AI strategy vs. HR strategy. What do you really need?

Despite the demand for AI strategies, many HR leaders have strategy, plans, and technology all confused right now.

Despite the rallying cry that every organisation needs an AI strategy, that is not correct. Sure, AI could end up being part of a corporate strategy, but some HR leaders have strategy, plans and technology all confused right now.

Yes, AI is a big deal these days, and it is all many vendors talk about. But AI mania has too many people running around looking for an AI strategy or an AI digital transformation plan. Yes, AI can impact certain functions in interesting and potentially powerful ways, but just because AI is rolling out now does not mean you just implement it without thinking things through first.

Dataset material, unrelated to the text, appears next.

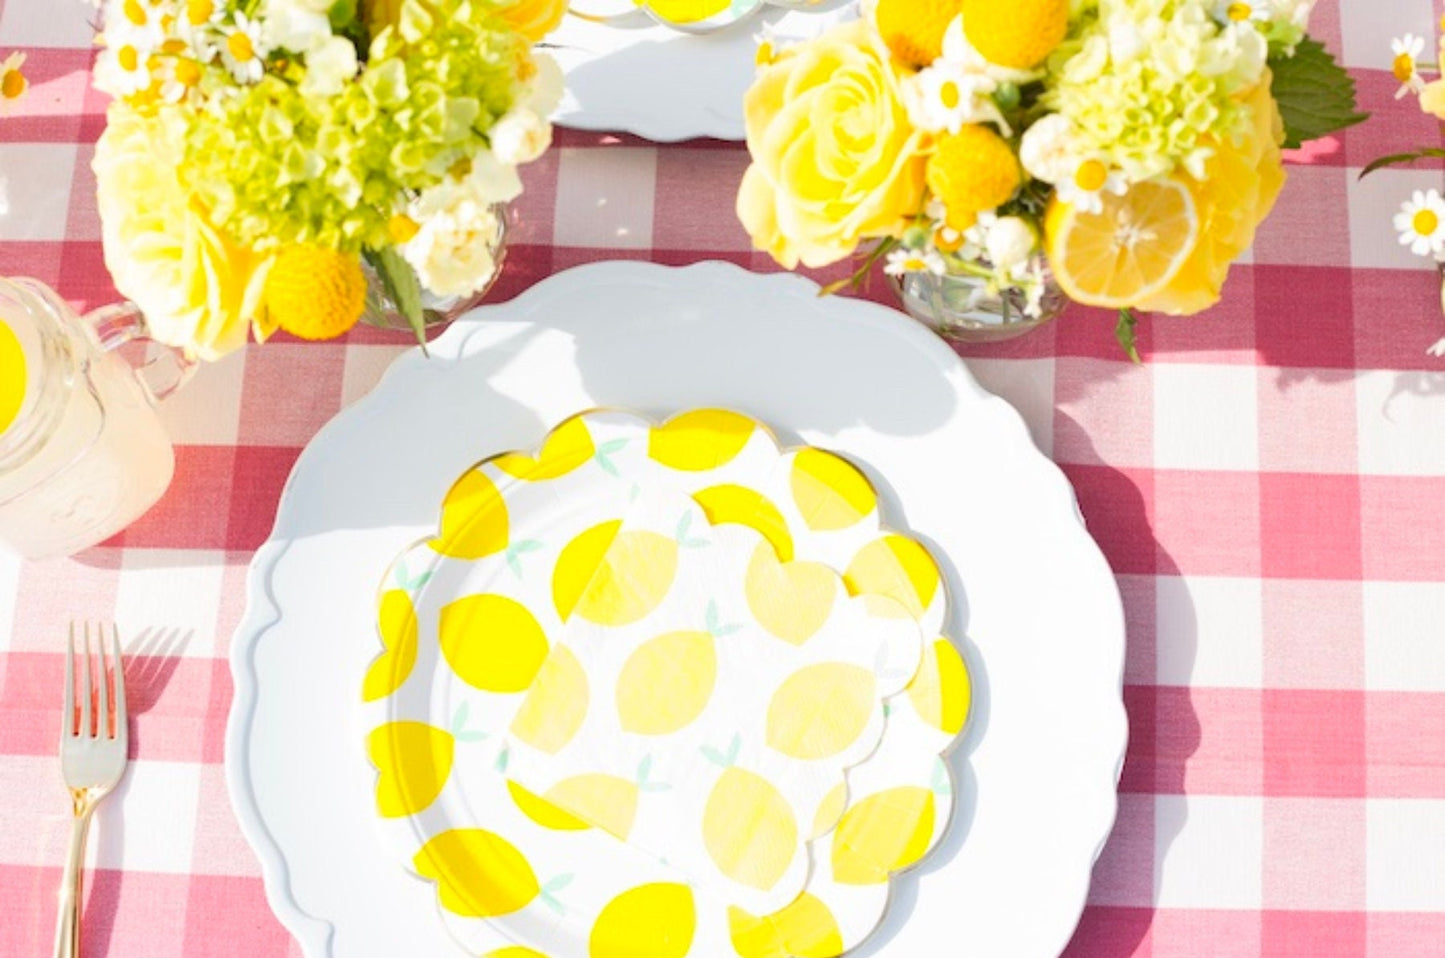 Lemon Themed Party Paper Plate Cups Napkins Cutlery Set

Too many leaders are using phrases like: “We need an AI strategy!” and that is so wrong. Why? AI is a technology—it is not a strategy.

Strategy vs. plan vs. tactics

A strategy takes goals, tactics and tools/technologies, and places them in an organised, thoughtful and focused effort. Anyone who has played the board game Risk knows you need an overall game plan to achieve global domination. Once the strategy is set, the decisions—the exact timetable, equipment, tactics, plans, etc.—are worked out next. The strategy sets the overall direction and goals to be achieved.

In HR parlance, HR strategies could be:

  • Winning the war for talent, permanently and convincingly;
  • Creating a competitive advantage by having the most efficient, low-cost and productive HR functions possible;
  • Creating a work environment that triggers employees to stay years longer than they would otherwise;
  • Eliminating previously undetected recruiting errors (PUREs);
  • Becoming an employer of such renowned, consequence and desirability that the organisation will never wat for jobseekers;
  • Positively impacting all constituencies like jobseekers, universities, rural markets, the communities we (or our suppliers) operate in; and more.

Setting strategic goals is crucial, as some strategies may prelude other strategies. For example, you might not be able to have a low-cost, efficient HR set of processes while also delivering a world-class employee experience. It is unlikely your organisation can have it all so pick the strategy goal wisely and get concurrence from the executive committee or board you get too invested in a strategy that lacks top-level support.

Once the strategic goal(s) has been decided, then it is time to flesh out the strategy. This addresses the “how” of the strategy. Here is where the term AI might get a mention—but it is not necessarily a requirement. That is a key learning point: AI could play a major, minor or no part at all in HR strategies. That means that the hysteria about having an AI strategy today might be a reaction to current events and not something that is actually aligned with the strategic aims of the organisation or HR.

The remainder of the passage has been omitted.